Burial, Mullaghwillin, Co. Meath
Co. Meath |
Burial Sites
In a long, narrow field straddling the roads near Hog's Hill Bridge in County Meath, human burials and a stone mortar were uncovered during house construction, and then, essentially, forgotten.
No precise coordinates were recorded, no excavation followed, and the find slipped into local memory rather than the archaeological record. The field's name, however, preserves a clue: Cillmore Field, anglicised from the Irish "Cillmore" or "Kilmore", meaning large or great church, a name type that in Ireland commonly signals an early ecclesiastical site, often a burial ground associated with an early medieval church or chapel that has since vanished entirely from the landscape.

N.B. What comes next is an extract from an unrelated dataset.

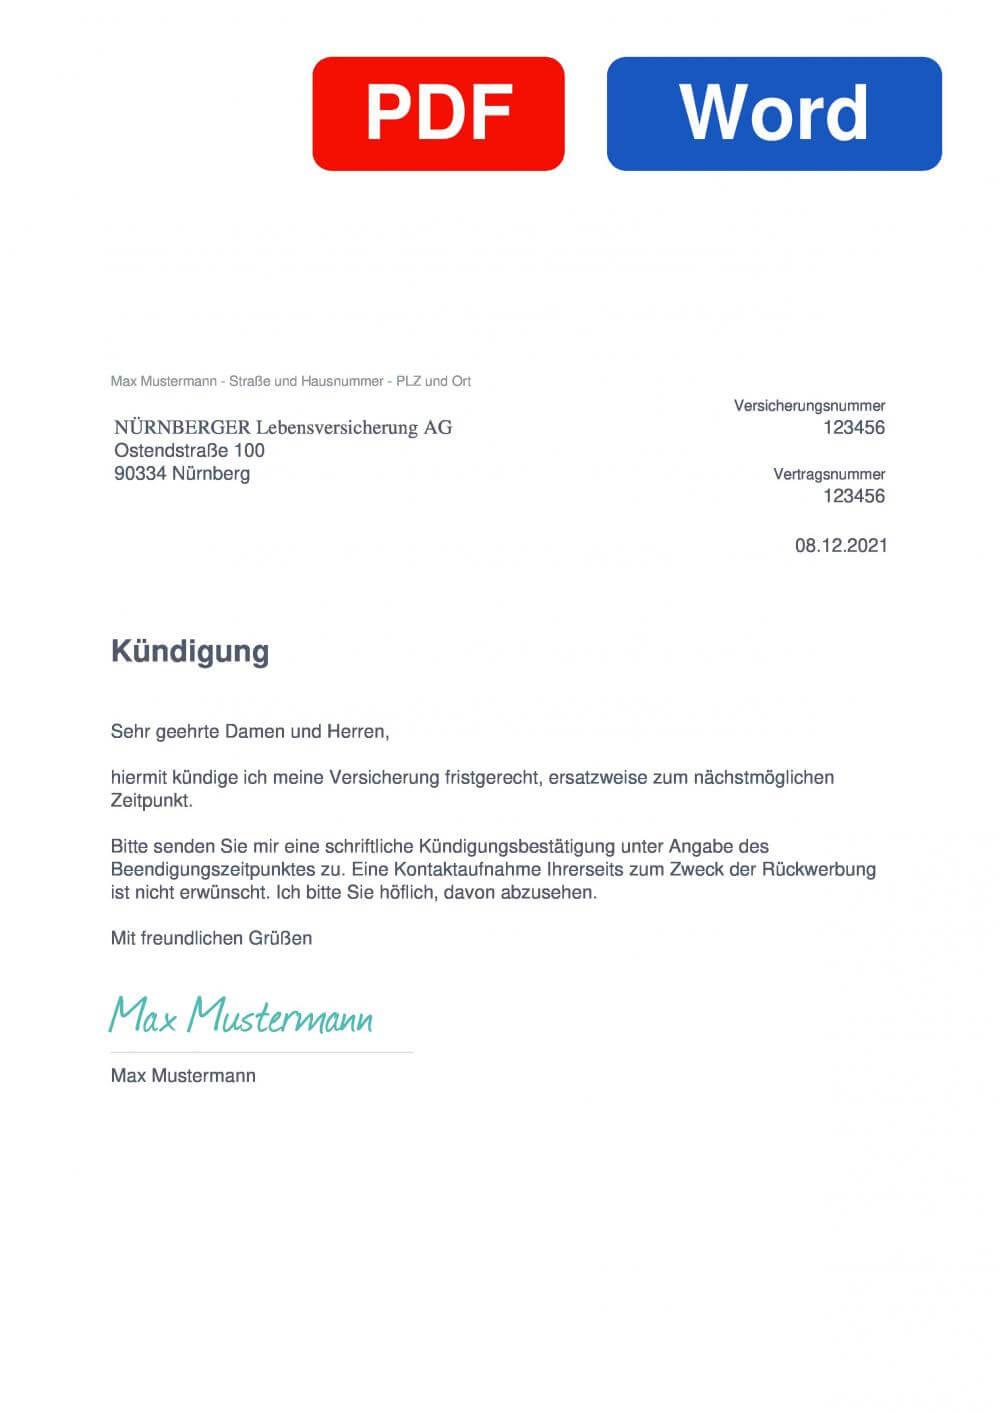 NÜRNBERGER Riester Muster Vorlage für Kündigungsschreiben

The Keeran River runs close by, looping around the site roughly 100 to 200 metres to the south, east, and north, marking the county boundary between Meath and Louth. That border-country position, along a river in low-lying ground, is not unusual for early Christian settlements; such liminal places, where parishes and territories met, were often chosen for small churches and their associated cemeteries. The Meath Field Names Project, which has catalogued surviving place-name evidence across the county, recorded that Cillmore Field is a long, narrow strip extending between two roads to the north-west and south-east of Hog's Hill Bridge, with the only modern structure sitting at the southern end. Beyond that, the record is silent. The stone mortar found alongside the burials adds a small, tantalising detail: stone mortars are sometimes associated with ecclesiastical or domestic use in early medieval Ireland, though without proper excavation, its significance here remains open.